Provided records:
★ ★ ★
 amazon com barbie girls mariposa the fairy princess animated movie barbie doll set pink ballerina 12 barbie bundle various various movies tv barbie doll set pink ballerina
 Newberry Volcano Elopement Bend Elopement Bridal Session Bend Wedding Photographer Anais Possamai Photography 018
★ ★ ★
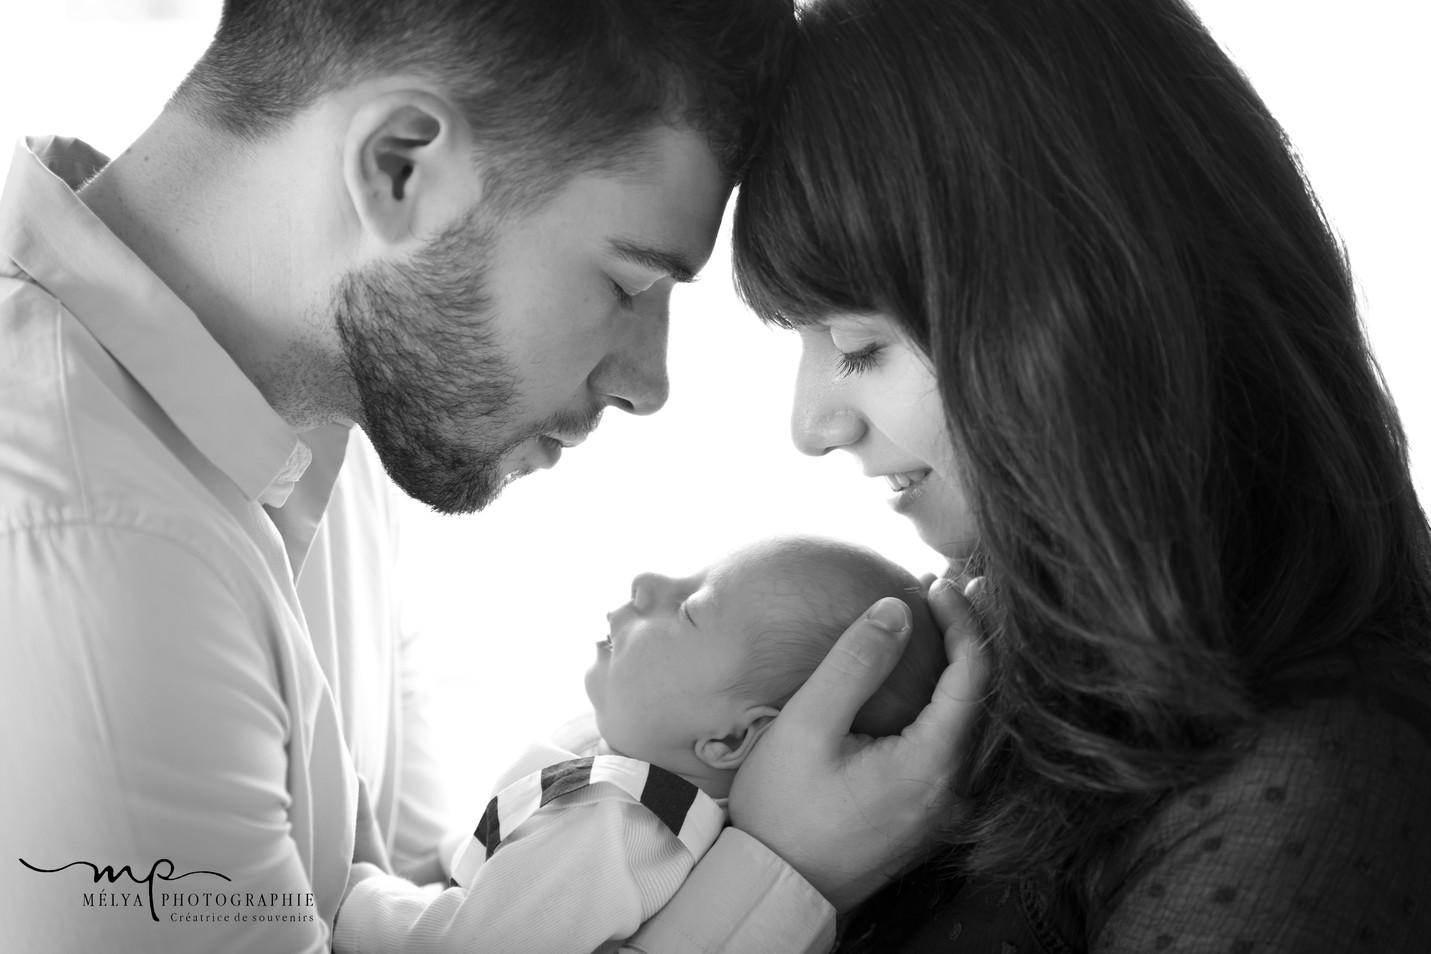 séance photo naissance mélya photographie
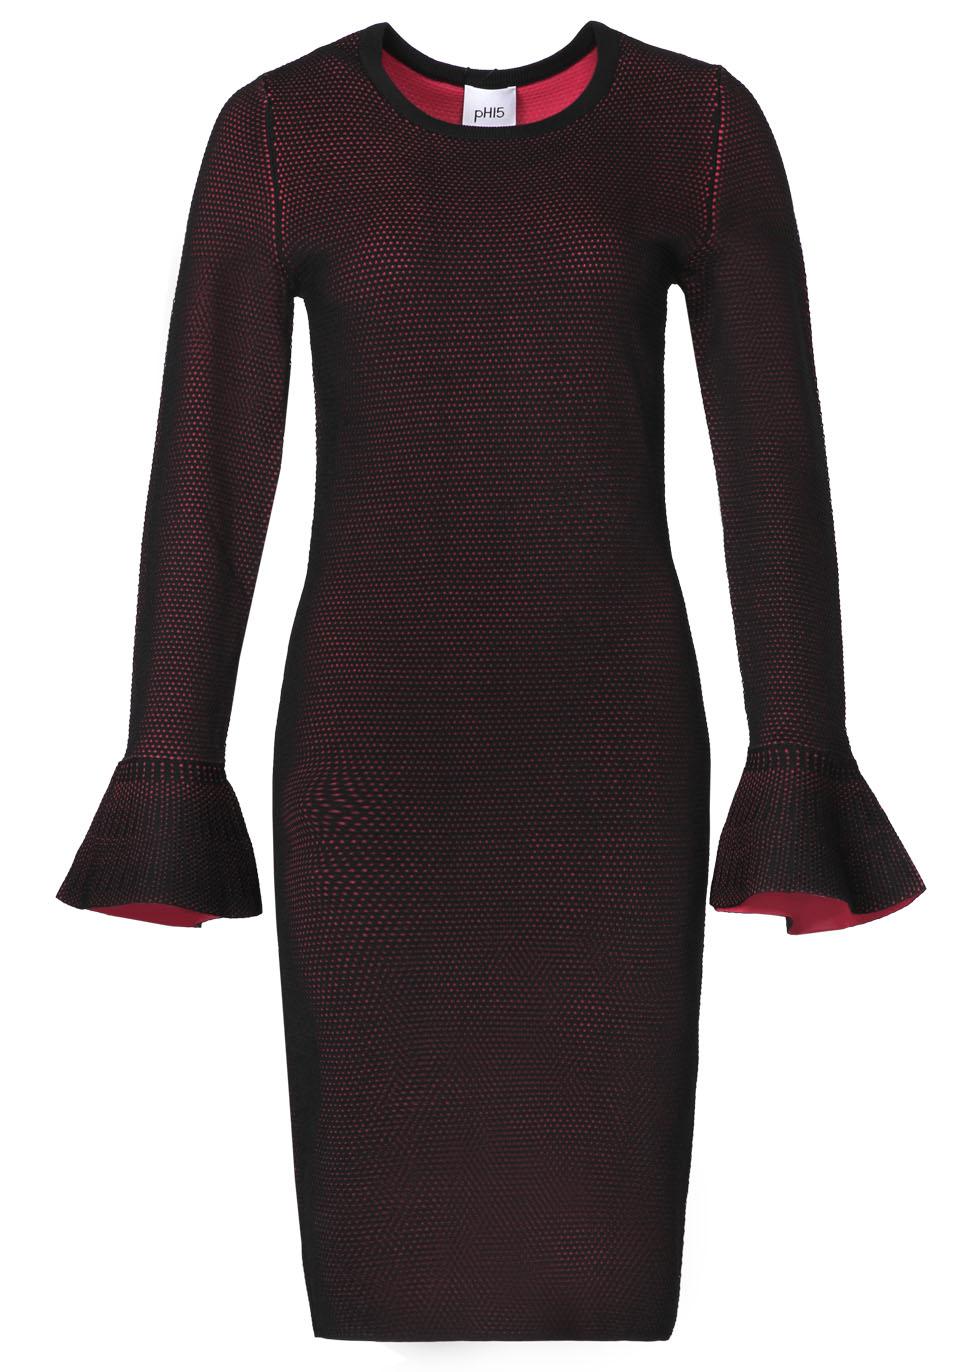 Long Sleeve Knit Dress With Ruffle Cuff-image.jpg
★ ★ ★
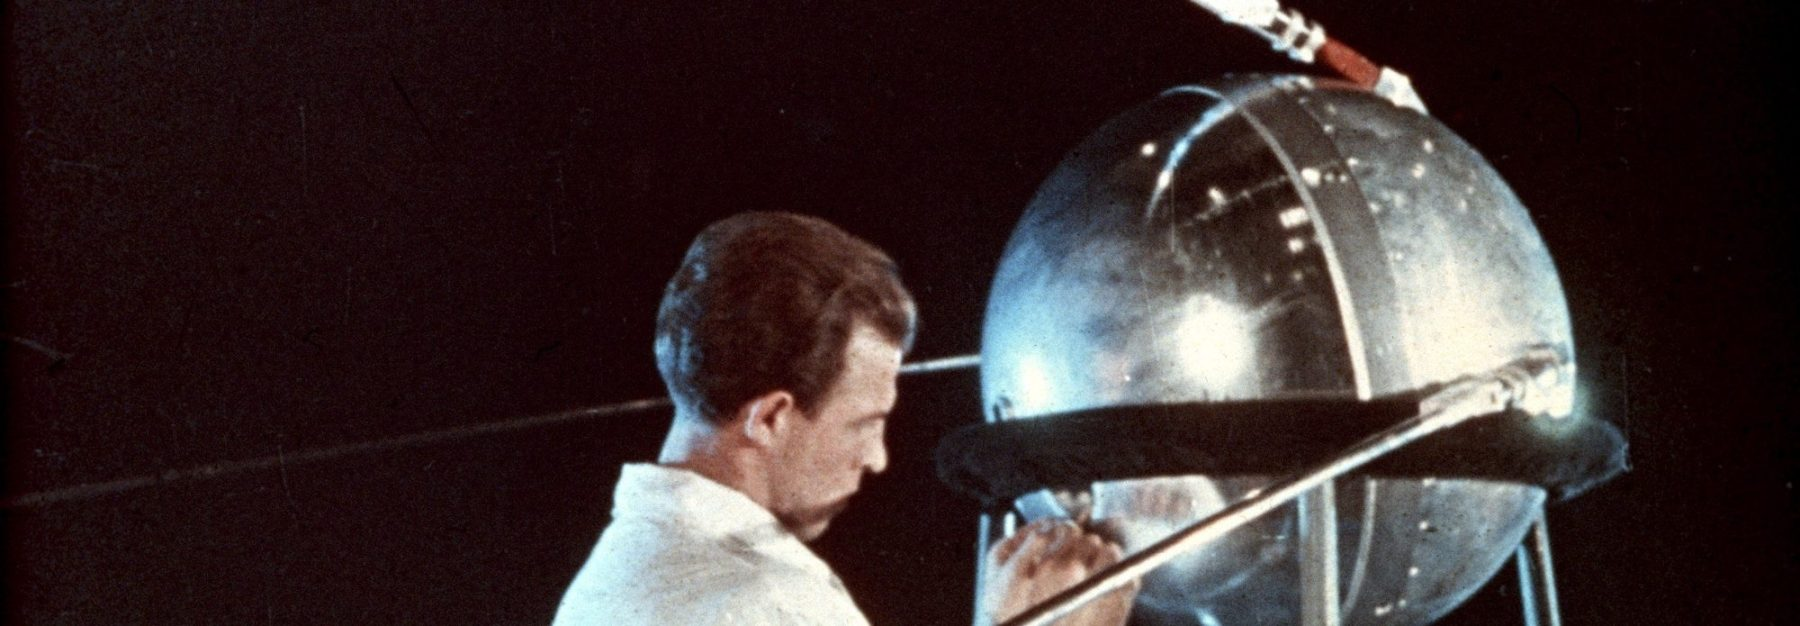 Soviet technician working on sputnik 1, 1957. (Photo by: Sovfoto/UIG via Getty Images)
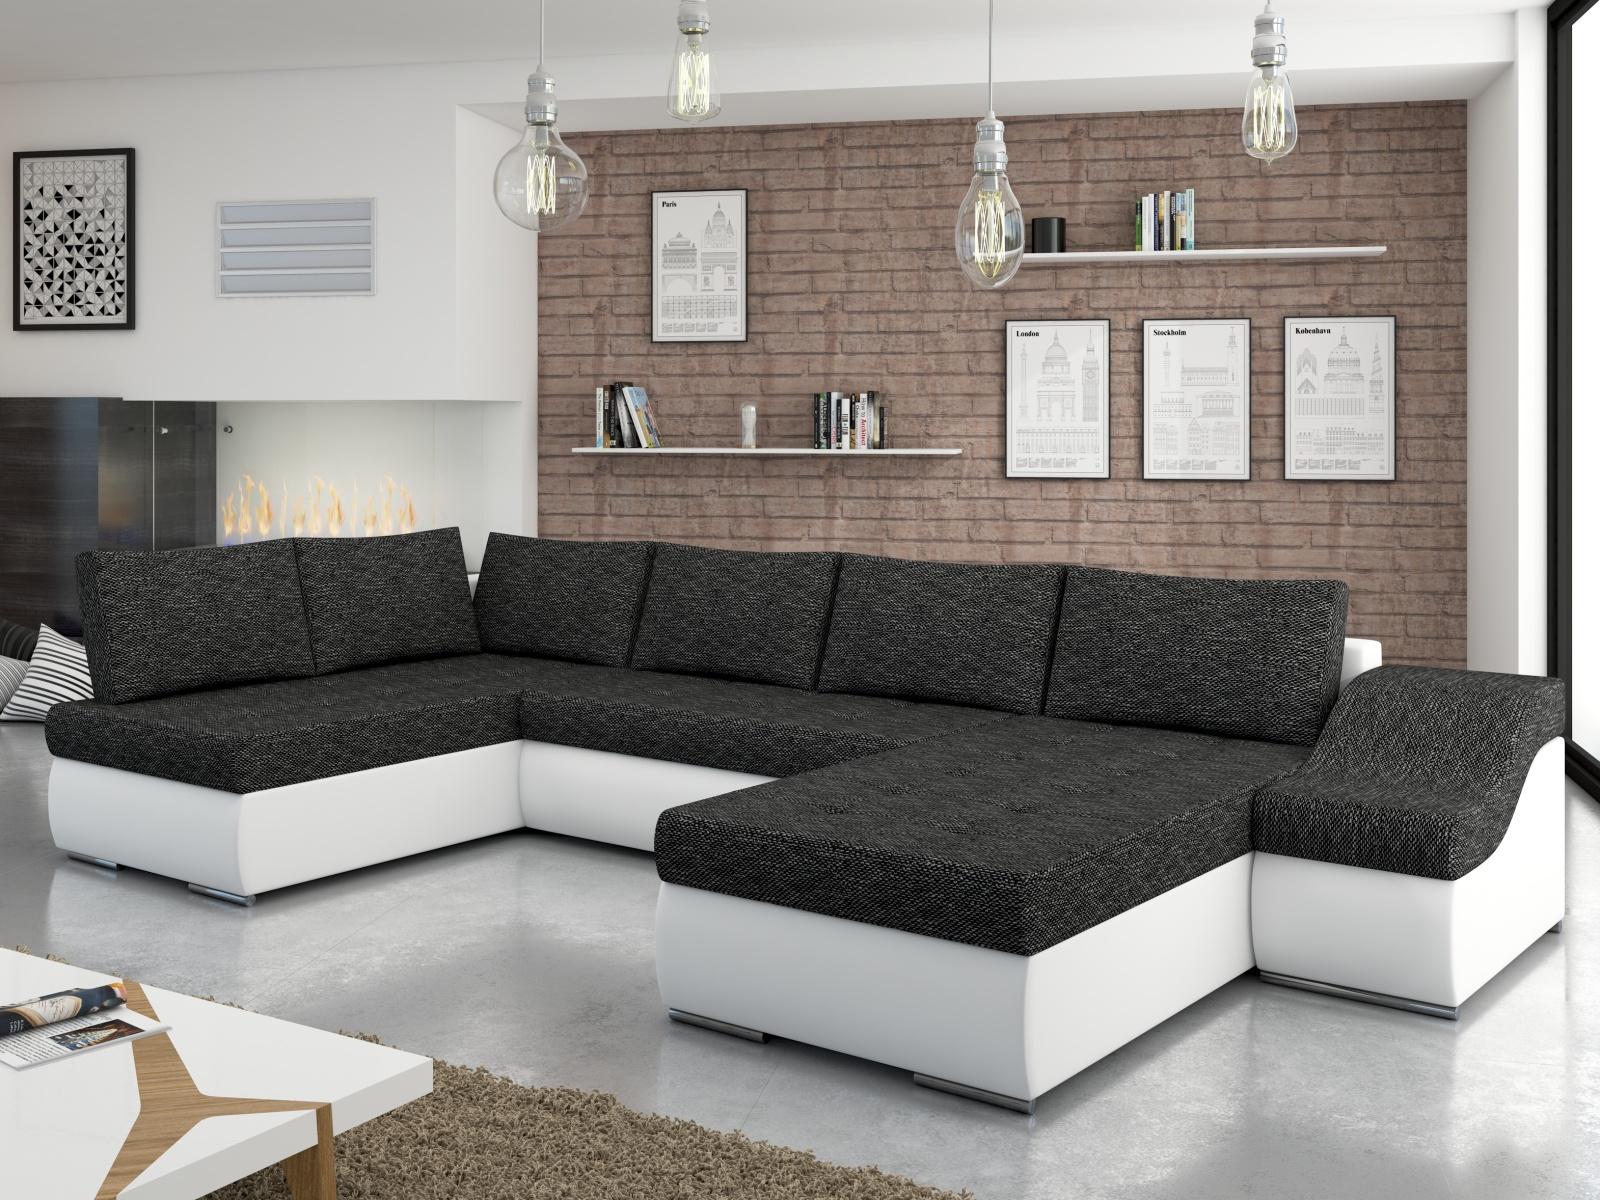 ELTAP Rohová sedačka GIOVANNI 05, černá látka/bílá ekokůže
★ ★ ★
Exercise: Because only one stretch of the records is wanted, please output the lines from the one holding "Soviet technician working" through the one holding "ELTAP Rohová sedačka" exactly, both included, and leave every picture out.

Result of the exercise:
 Soviet technician working on sputnik 1, 1957. (Photo by: Sovfoto/UIG via Getty Images)
 ELTAP Rohová sedačka GIOVANNI 05, černá látka/bílá ekokůže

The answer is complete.